Device state not updating after Upgrade and New SSL Cert

Hi guys!

First Off: Thanks for this awesome project!

Problem
I have an issue where the is_online flag is not updating. New devices can join the fleet but the state is always offline (or online if the device was online prior to the upgrade mentioned below).

The device logs feed is working fine, and I can open tunnels, but can’t communicate with the devices.

Backstory:
I upgraded from 4.1.251 to 4.1.349 and created a new ssl certificate using certbot. When I do make up, docker ps often show that the vpn service as unhealthy.

The only time I can manage to get the vpn service to become healthy is when the api fail to run migration "0074 and I run the following:

docker exec -it open-balena-api-1 /bin/bash
rm src/migrations/0074-normalize-release-contract.async.ts 
exit
docker restart open-balena-api-1
docker restart open-balena-vpn-1

And that’s when I encounter the issue of device state not being updated, e.g. is_online never updates. When I upgraded to 4.1.251, I only had to remove the 0074 migration file and restart the services to get up and running. I wonder if this is even related to my issue? :thinking:

Debugging
Digging further into the vpn service when it is in the unhealthy state, I noticed is that it never manages to register a service, thus no worker are spawned.

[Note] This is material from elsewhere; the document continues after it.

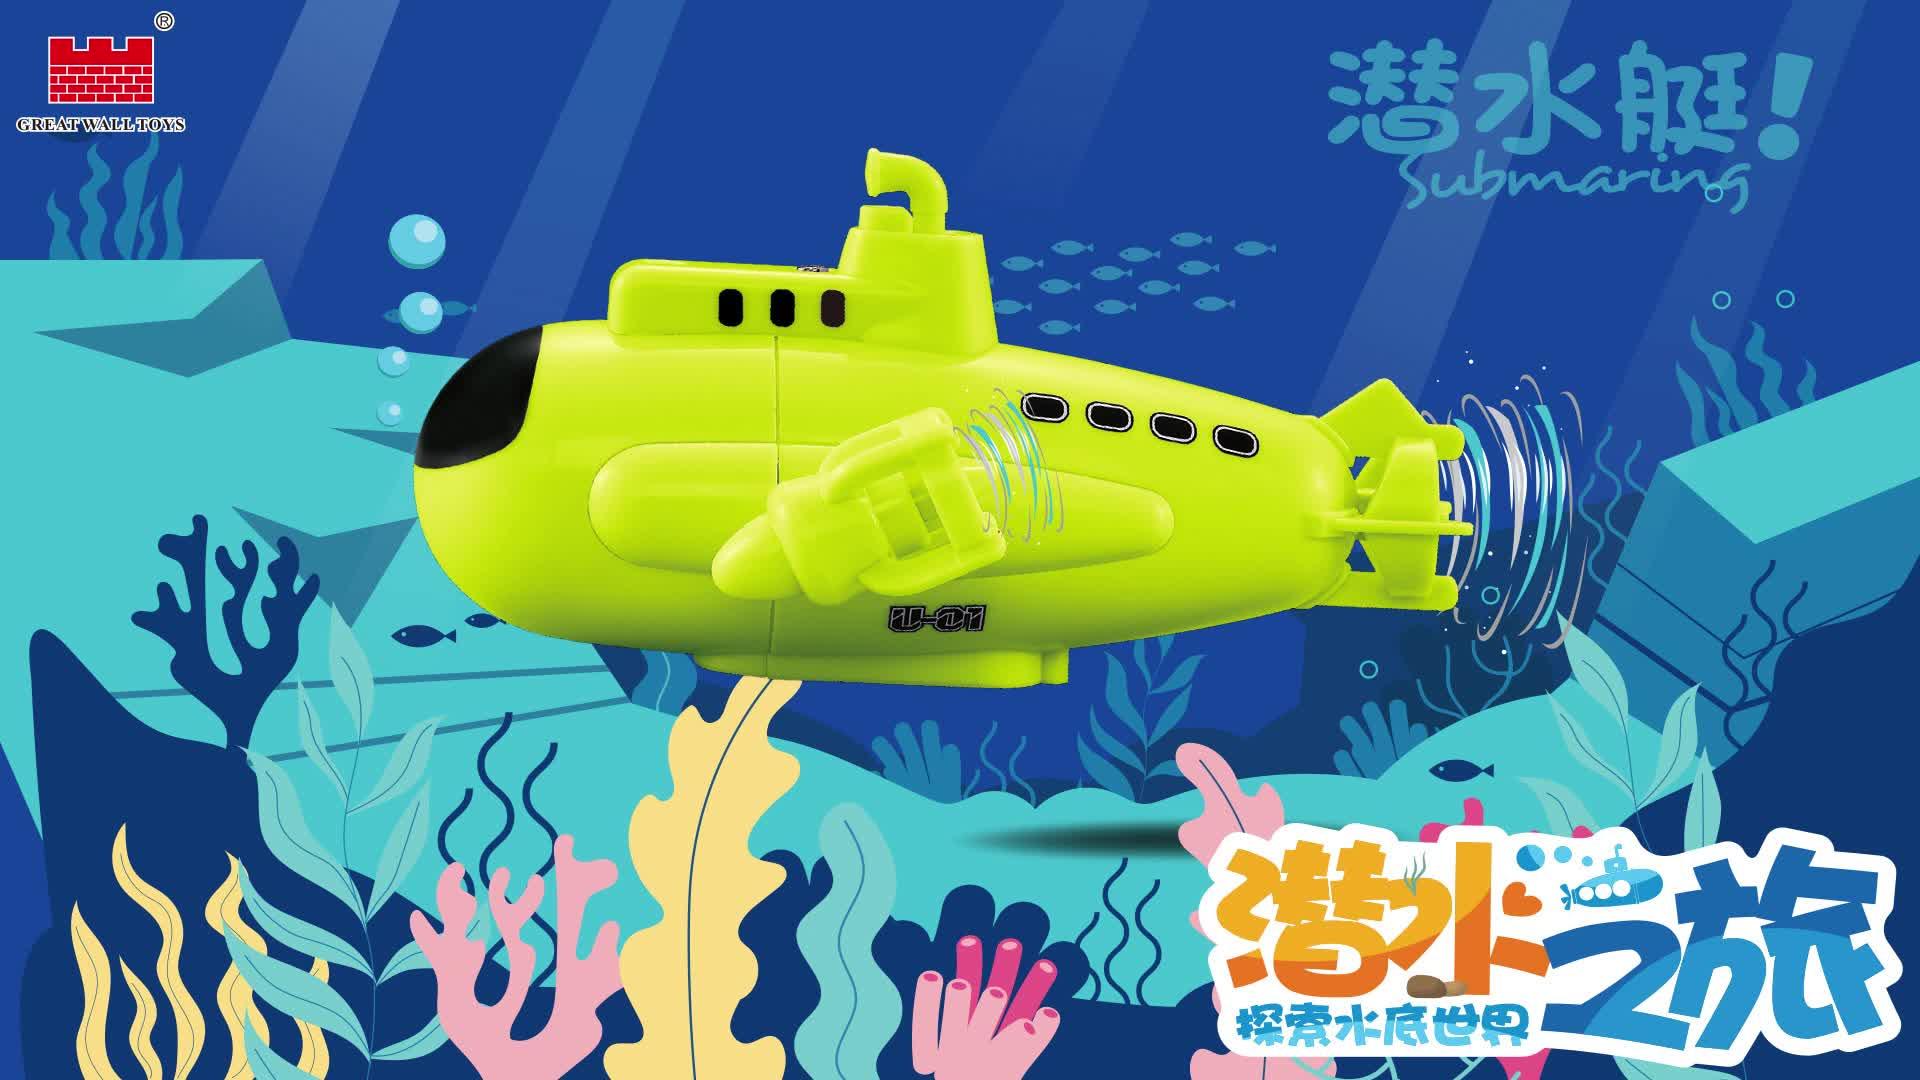 พลาสติกสี่สีการ์ตูนของเล่น mini รุ่นเรือ rc submarine สำหรับเด็ก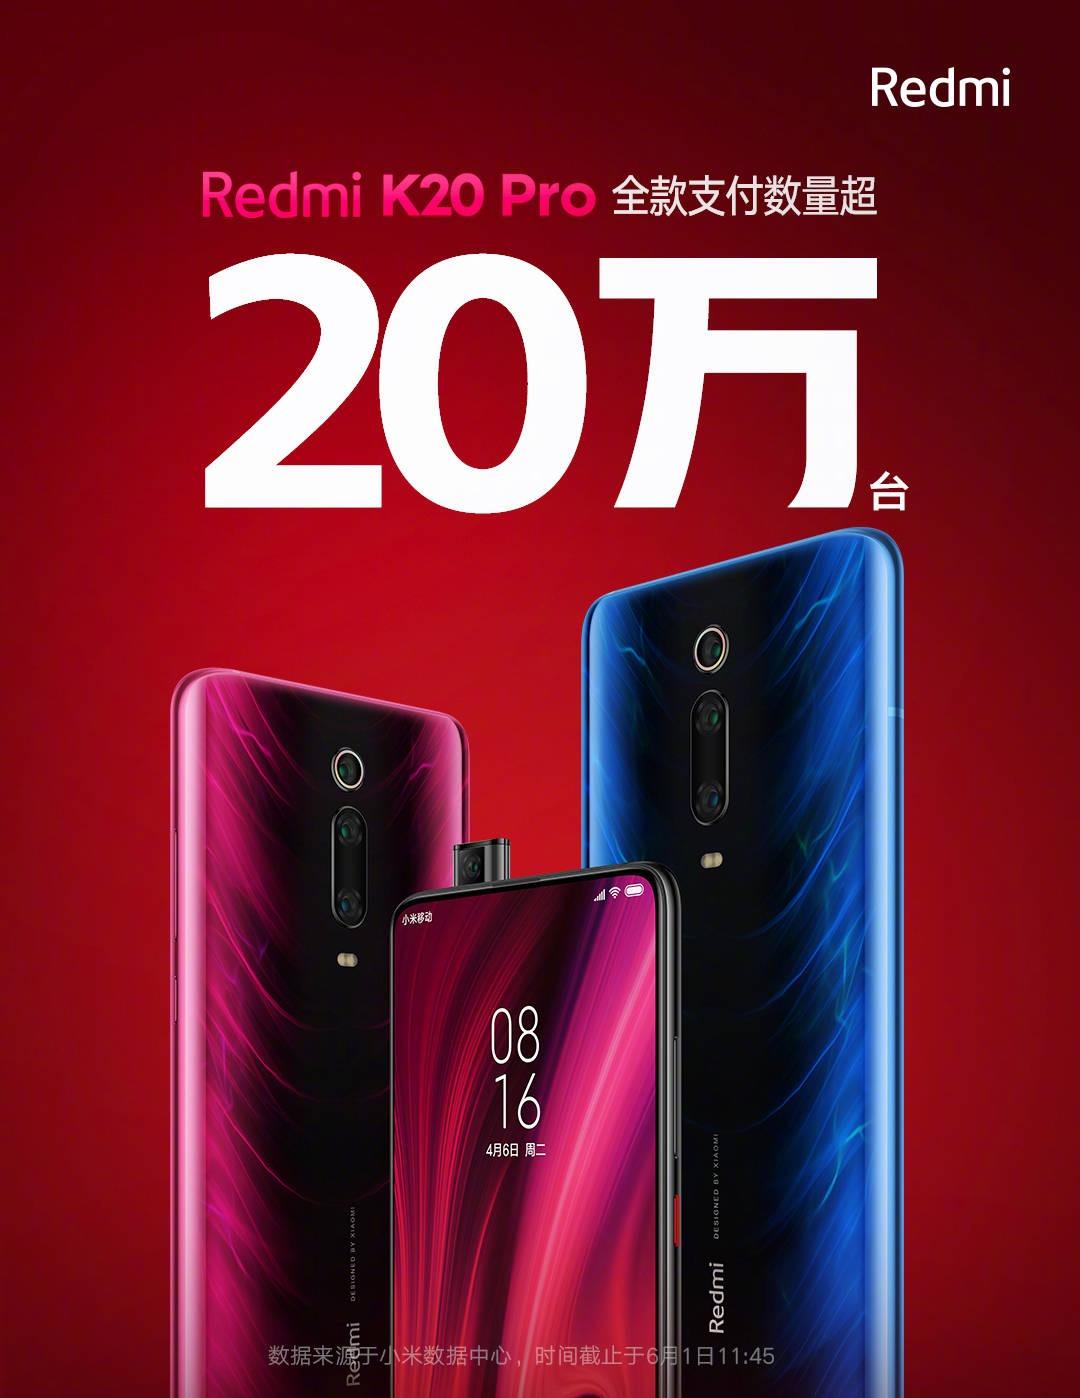 Redmi K20 Pro vende más de 200.000 unidades en apenas pocas horas tras su lanzamiento. Noticias Xiaomi Adictos

vpn-1 | [81242.928760] vpn[1163]: debug: [master] registering as service instance...
vpn-1 | [81242.934680] vpn[1163]: (node:1163) [DEP0040] DeprecationWarning: The `punycode` module is deprecated. Please use a userland alternative instead.
vpn-1 | [81242.934937] vpn[1163]: (Use `node --trace-deprecation ...` to show where the warning was created)
vpn-1 | [82140.494113] systemd[1]: Starting systemd-tmpfiles-clean.service - Cleanup of Temporary Directories...
vpn-1 | [82140.524470] systemd[1]: systemd-tmpfiles-clean.service: Deactivated successfully.
vpn-1 | [82140.525031] systemd[1]: Finished systemd-tmpfiles-clean.service - Cleanup of Temporary Directories.
vpn-1 | [94550.533973] systemd[1]: Starting dpkg-db-backup.service - Daily dpkg database backup service...
vpn-1 | [94550.714038] systemd[1]: dpkg-db-backup.service: Deactivated successfully.
vpn-1 | [94550.714693] systemd[1]: Finished dpkg-db-backup.service - Daily dpkg database backup service.
end of logs

However, when I manage to get the vpn service healthy, I noticed that the API Authentication fails…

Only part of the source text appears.